Baseball positions – Wikipedia

When it comes to the sport of baseball, each of the nine players on a team is allocated to a certain fielding position when it comes time for them to defend their team. For the purpose of keeping score, each position traditionally has a number assigned to it, which is used by the official scorer: 1 for the pitcher, 2 for the catcher, 3 for the first baseman, 4 for the second baseman, 5 for the third baseman, 6 for shortstop, 7 for left fielder, 8 for center fielder, and 9 for third baseman (right fielder).

The pitcher and the catcher, on the other hand, are highly specialized positions and will rarely play at other positions.


In order to put out batters, fielders must be adept at catching batted balls before they bounce. They must also be able to create opportunities to prevent the advance of other runners and put them out as they do. The ability to throw the ball is also important, as many plays in the game rely on one fielder collecting the hit ball and throwing it to another fielder who, while holding the ball in their hand or glove, touches either a runner or the base to which they are forced to run in order to record an out.

Fielders frequently have to run, dive, and slide a great deal in the process of reaching, stopping, and retrieving a hit ball, as well as setting themselves up to transfer the ball, all with the goal of transferring the ball as quickly as possible to another fielder at the other end of the field.

In certain game situations, fielders may have different responsibilities than they have in other situations.

A team’s outfielders are responsible for avoiding home runs by reaching over the fence (and even climbing the wall) to collect fly balls that are catchable.

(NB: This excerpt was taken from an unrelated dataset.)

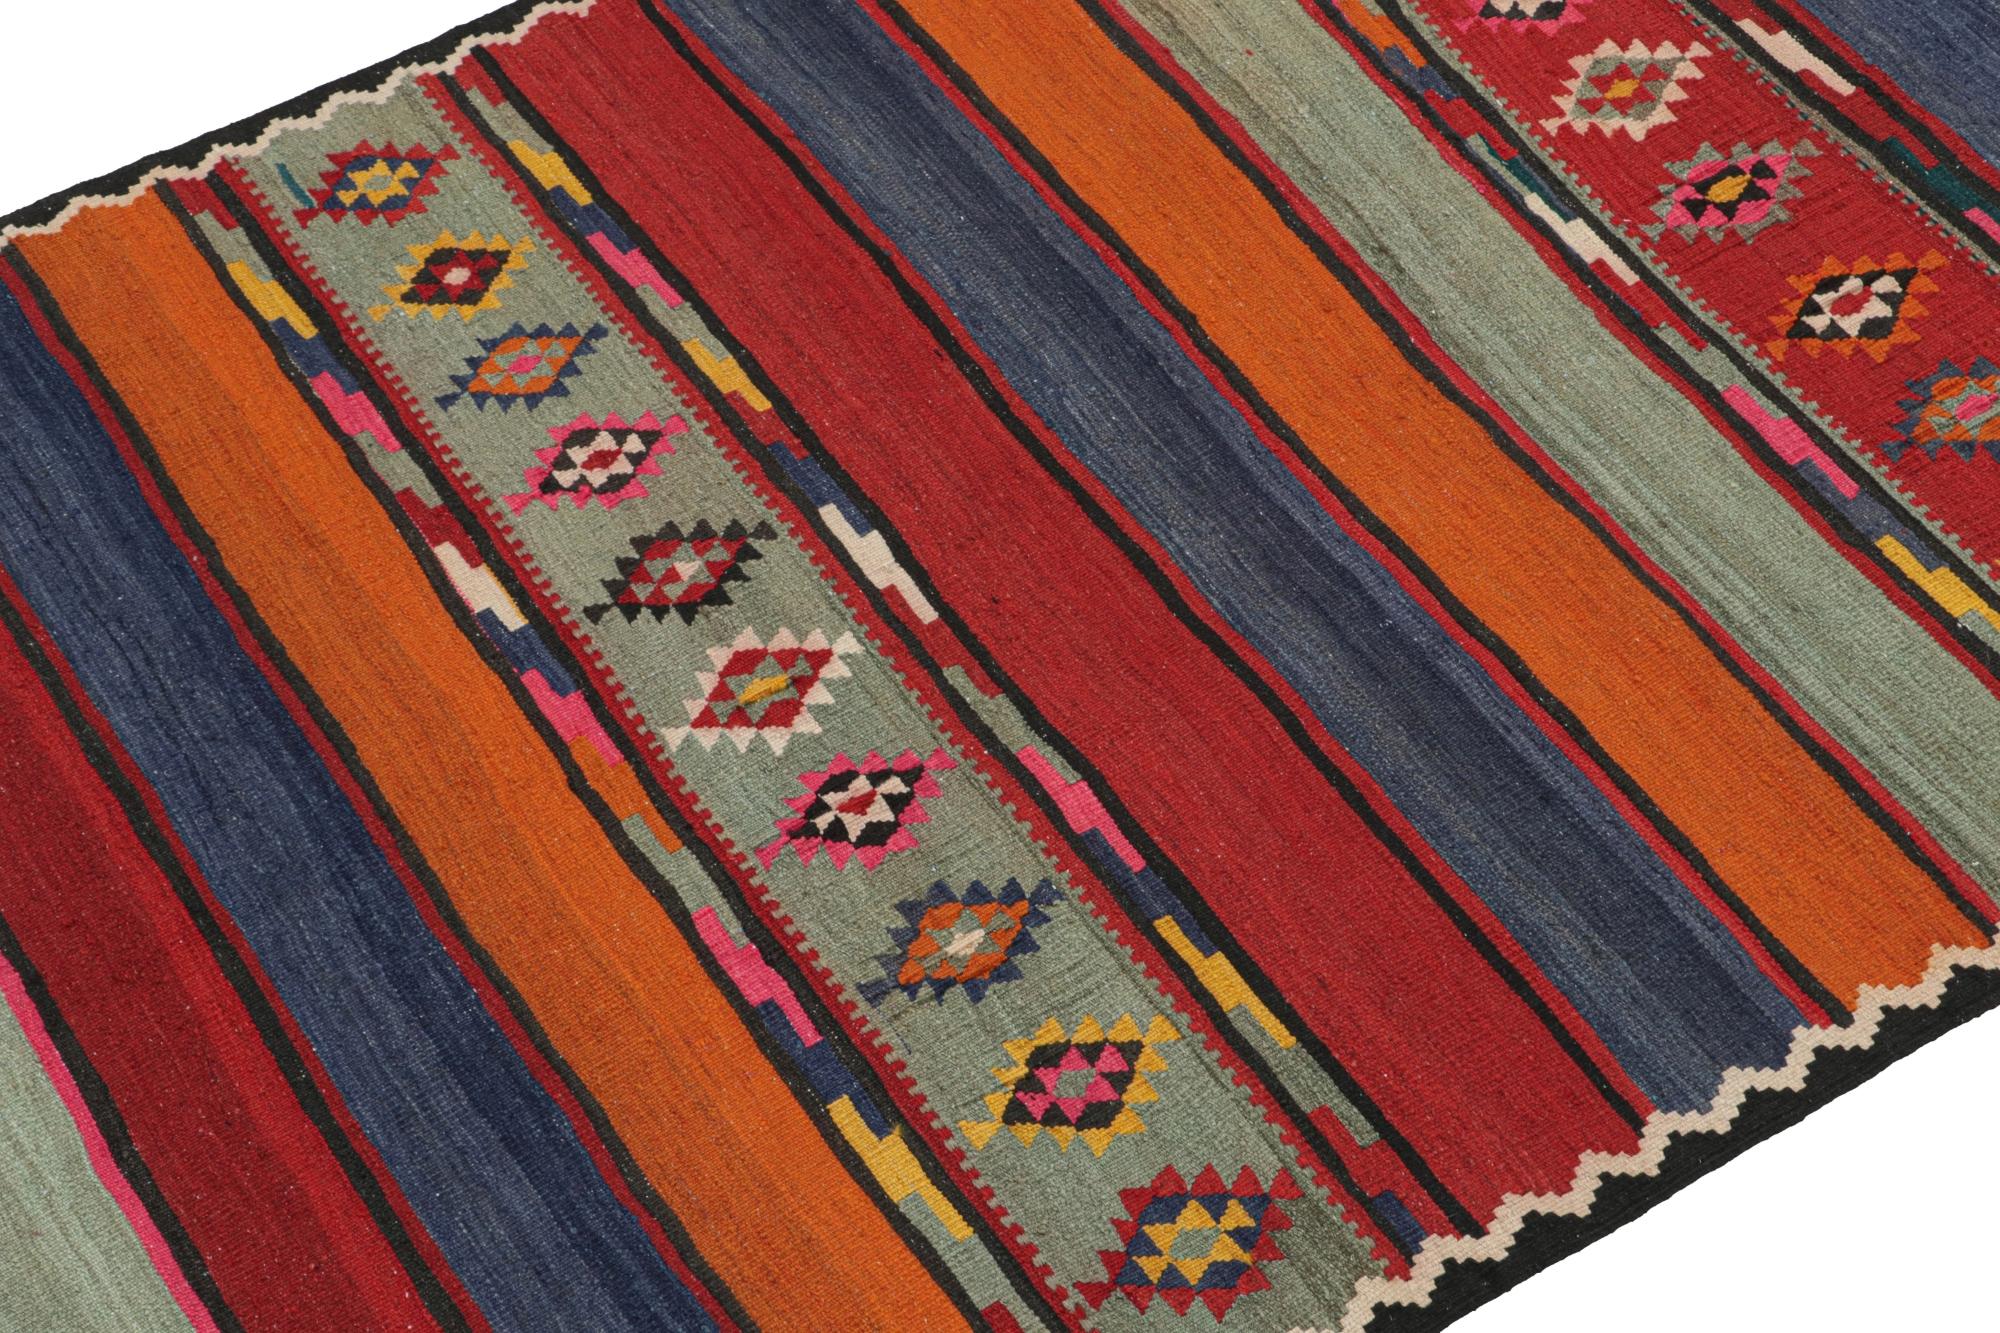 Dieser alte persische Kelim 5x11 ist ein Stammesteppich aus Meshkin - einem kleinen Dorf im Nordwesten, das für seine fabelhaften Werke bekannt ist. Er ist aus Wolle handgewebt und stammt aus der Zeit um 1950-1960. 

Weiter zum Design:

Sein Design

Infielders are the ones who are often in charge of handling plays that entail tagging a base or a runner on base. Because they are the ones who handle the ball when it is not hit, the pitcher and catcher have specific duties when it comes to preventing base stealing in baseball.

Other roles

A standard stance in baseball is defined by nine standards that are regulated more by experience and conventional practice than by the rules themselves. Pitcher, catcher, first baseman, second baseman, third baseman, shortstop, left fielder, center fielder, and right fielder are the positions on the field. Aside from these positions, there are other specialized responsibilities such as designated hitters, pinch hitters and pinch runners. Despite the fact that there are no standards for placement, the positions have become so standardized that any alteration in a player’s position that is more than a tiny shift is considered significant.

To begin each play, the pitcher must make direct contact with the pitcher’s rubber, and the catcher must initiate each play from the catcher’s box behind home plate.

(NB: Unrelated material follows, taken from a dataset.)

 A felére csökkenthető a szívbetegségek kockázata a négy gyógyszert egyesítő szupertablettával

Teams have learned through experience that the optimum technique is to position four infielders along the lines between first, second, and third base and three outfielders deep in the field to maximize their chances of winning.

Fielders will occasionally employ a defensive shift, in which they will relocate from their customary positions for a tactical reason, to protect their teammates.

Playing all nine positions in one game

It became fashionable in the mid-1960s for a player to play all nine positions in a single game, which became known as the “nine-position stunt.” This is typically done to provide an opportunity for an autility player, who has a low-profile but important position on a team, to be in the spotlight for a day or two. Despite the fact that these players are accustomed to playing most infield and outfield positions, playing catcher and pitcher can be a difficult task at times due to the fact that they are highly specialized positions.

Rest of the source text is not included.